MD4329C1 - Process for cultivation of yeast strain Saccharomyces cerevisiae CNMN-Y-20 - Google Patents

Abstract

The invention relates to microbiological biotechnology, in particular to a process for cultivation of yeast strain Saccharomyces cerevisiae CNMN-Y-20, and may be used in microbiological, food and pharmaceutical industries.The process, according to the invention, consists in that the yeast are cultivated on beer wort for 24 hours, at a temperature of 25°C, then are irradiated with millimetric waves with the frequency of 53.3 GHz, emitted continuously for 20 minutes, after which the yeast culture, with the concentration of 2x106 cells/ml, is transferred to a YPD or Rieder sterile nutrient medium in an amount of 5 vol.% and is cultivated submerged under continuous stirring conditions of 200 rpm, at a temperature of 25°C, for 120 hours.

Description

The invention relates to microbial biotechnologies, in particular to a method of cultivating the yeast strain Saccharomyces cerevisiae CNMN-Y-20, and can be used in the microbiological, food and pharmaceutical industries.

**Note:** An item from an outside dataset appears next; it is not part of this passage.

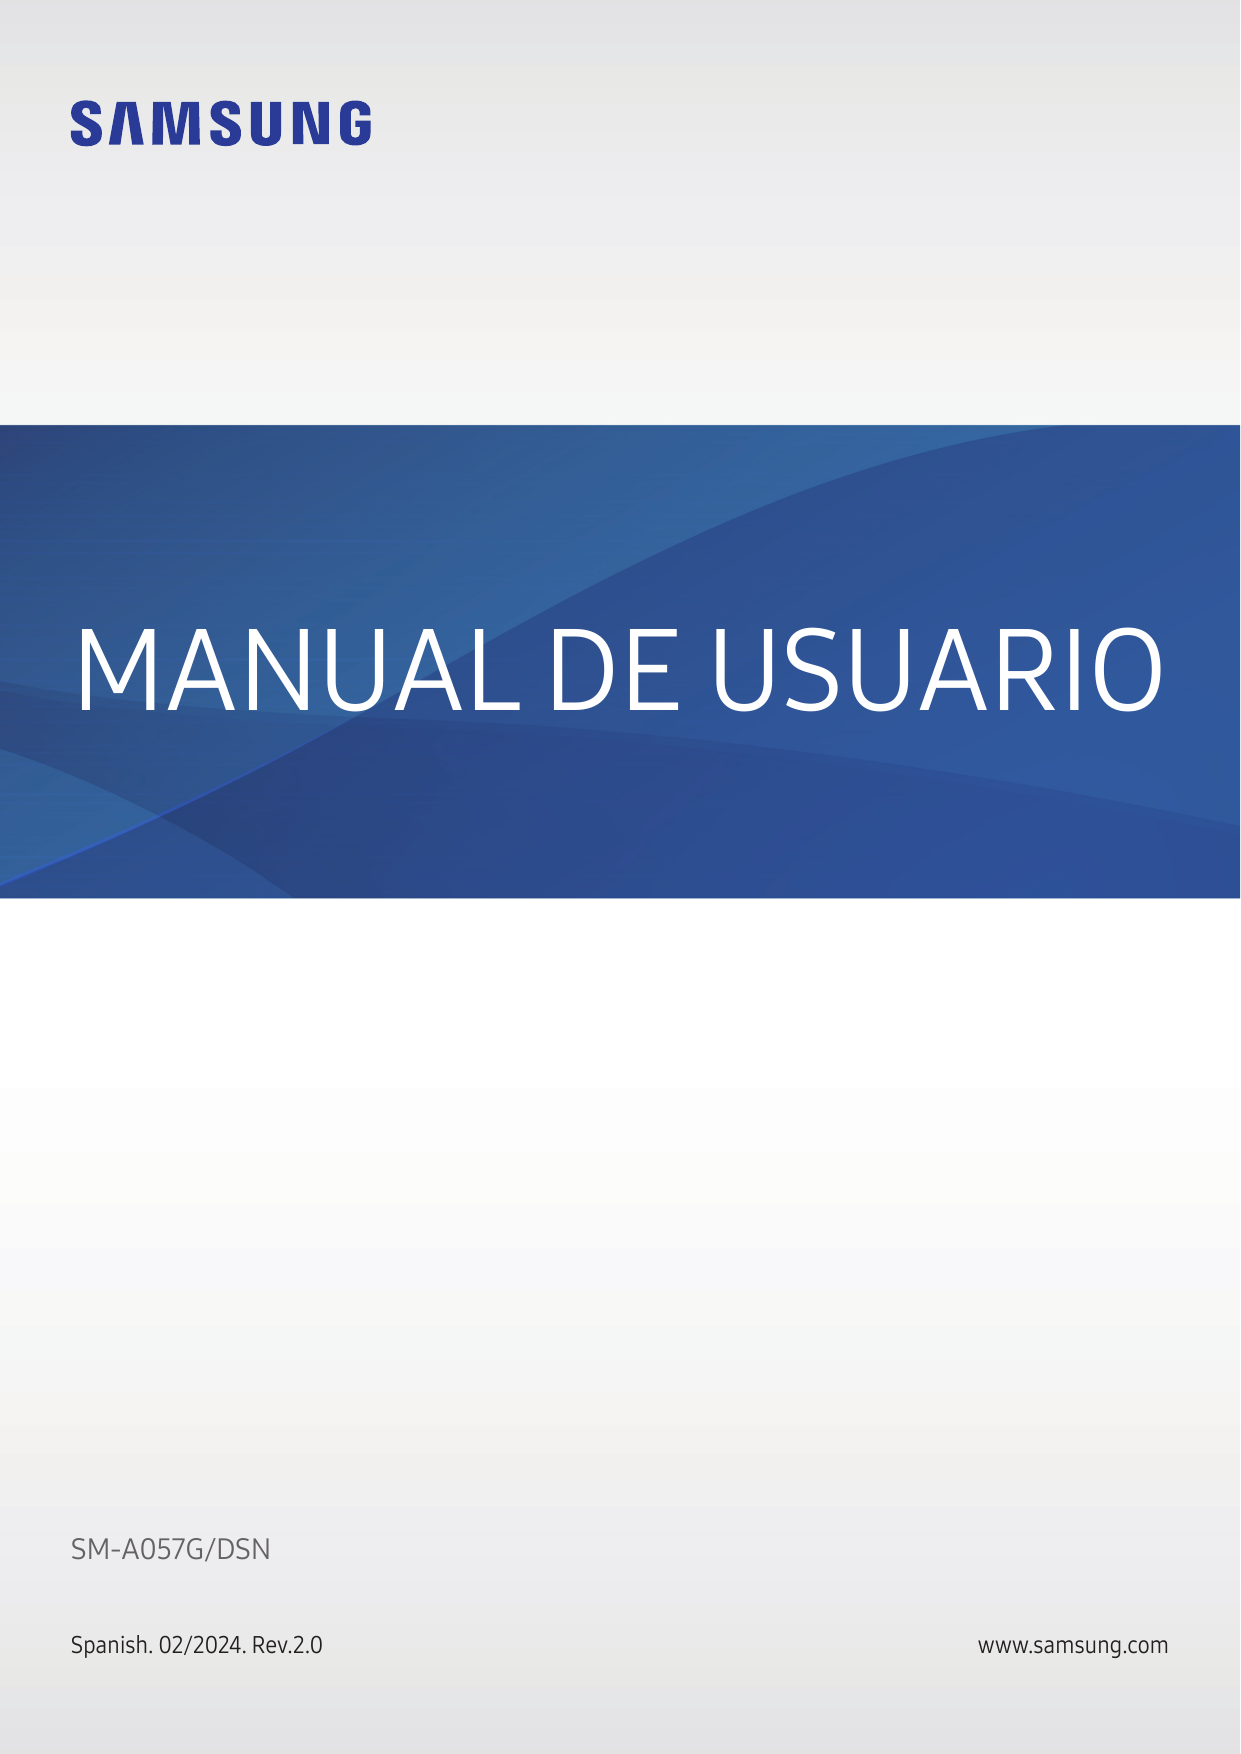 MANUAL DE USUARIOSM-A057G/DSNSpanish. 02/2024. Rev.2.0www.samsung.com

There is a known process of submerged cultivation of yeast strains on media containing precursors of β-glucan biosynthesis (monosaccharides, meal extracts, etc.) [1]. The disadvantage of the process consists in the small content of β-glucans accumulated in the cellular biomass.

The closest solution is the cultivation process of the yeast strain Saccharomyces cerevisiae CNMN-Y-20 which includes the steps: preparation of the seed material on beer wort, cultivation period of 3 days at a temperature of 20° C, inoculation of the germs in the fermentation medium sterile YPD or Rieder. The duration of cultivation in depth, on a shaker (200 r.p.m.), at a temperature of 20 or 25° C is 120 hours [2].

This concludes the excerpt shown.